Ahem. As I was saying. Right. Leaving Australia. Going to England.

(Repeat above interlude. Calm is only restored by a tag-team
combination of trauma counsellors, Zen masters, and powerful
antidepressants.)

At least I'm leaving on a high note. Yesterday I went out for a day of
canyoning in the Blue Mountains, which was all kinds of fun. The day
kicked off with a fifty-foot cliffjump into water, followed by donning
a wetsuit and going crosscountry down a steep river ravine so narrow it
nearly turned into a spelunking expedition. The water was absolutely
freezing, but the sun was warm. A little light rock-climbing out of the
canyon was followed by an afternoon of swimming and rappelling (aka
abseiling for some of you) down cliffs. I cruised back to town on an
endorphin wave.


But let's get chronological. Since my last report, in Cairns, I spent a
couple of days pottering around the coast doing a little sea kayaking
and such, and then decided to embark on a cross-country expedition from
Cairns to Alice Springs, across the so-called Dead Heart, to get a
sense of the size of the country.

Unsurprising answer: big. Slightly more surprising corollary; extremely
weird. We're talking middle of nowhere here. We're talking towns with a
population of 1 (human) and 6,000,000,000 (flies), 200 km away from
anywhere else. We're talking local yokels straight out of an Aussie
DELIVERANCE. Twenty-foot-high termite mounds. Cattle ranches the size
of Wales. Pet emus. And life-size plaster dinosaurs. Lots of them, all
over the place. What can I say? The outback is a strange place.
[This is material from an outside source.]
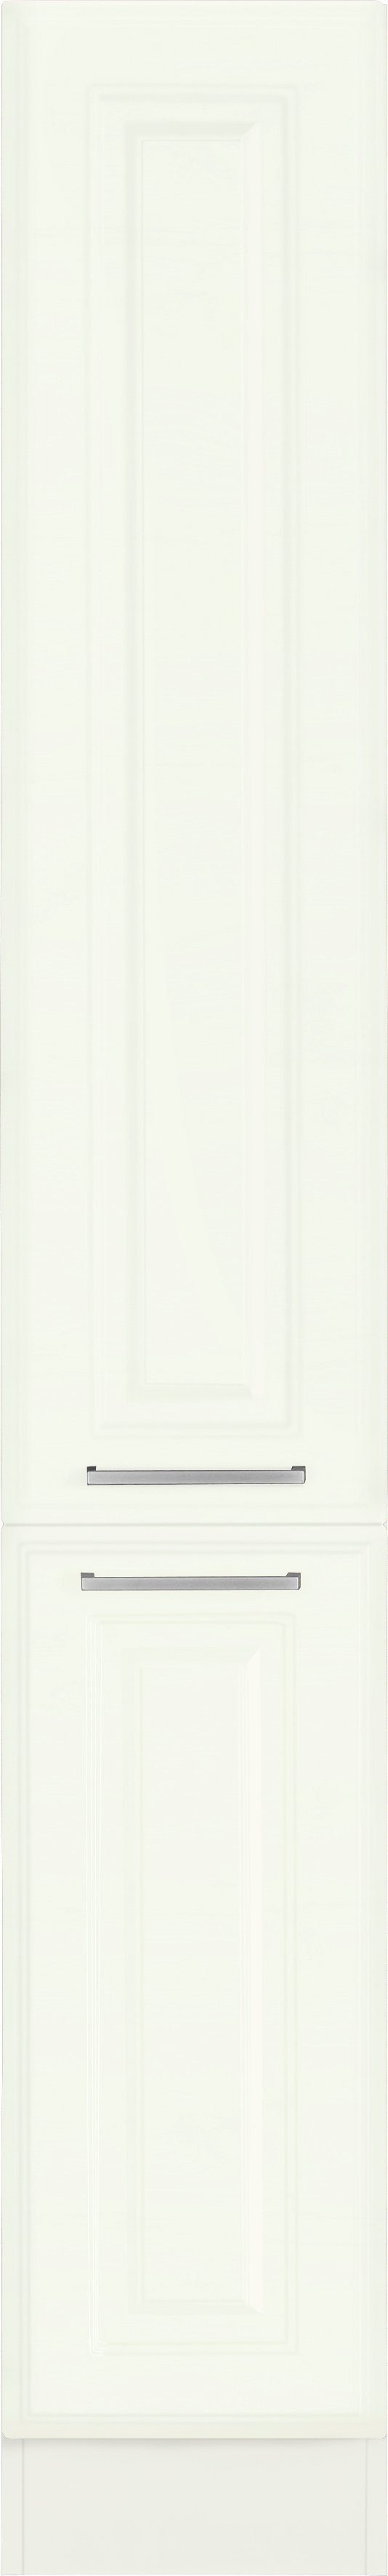 HELD MÖBEL Apothekerschrank Stockholm, Breite 30 cm weiß/weiß hoch, 200 cm viel MDF-Fronten, hochwertige Stauraum

After a brief stopover in the civilized oasis of Alice Springs, I spent
another few days roving through canyons, bushfires, camel ranches, and
finally to The Rock. I speak of neither the People's Champion nor the
bad Nicolas Cage movie, but of Uluru, aka Ayers Rock. And wow.

The rest of the rocks and canyons are a bit anticlimactic to anyone
who's been to the American Southwest, but Uluru really is something
else. And not just because it's a cool big red monolith. There's
something majestic about it. I could have spent all day just walking
around it, watching.

I had dialed my cultural insensitivity up to maximum and was fully
prepared to climb up the rock, but it was closed due to high winds.
Instead I went for a run around the 10k trail that circumnavigates it.
This turns out to be a) one of the world's most spectacular runs, b) an
excellent way to add to one's collection of very strange looks and
half-heard mutters of "bloody stupid madman" from pedestrians one
passes en route.


From the Red Centre, Qantas flew me through the smoke of a dozen
bushfires back to Sydney, where I've been lazing, chilling, gorging,
and watching a strange and mesmerisingly slow game named 'cricket' for
the last couple of days. As far as I can tell, this particular game has
not yet ended, and is not expected to end until sometime next week, if
ever. And the Australians are thrashing the English. That part, at
least, is not so strange.


I must go; only a couple of hours to H-Hour, when I begin the long
journey to the land of the soon-to-be-defeated Brits. I go with a whole
heap of regret. It's a good country, this. I'll be back.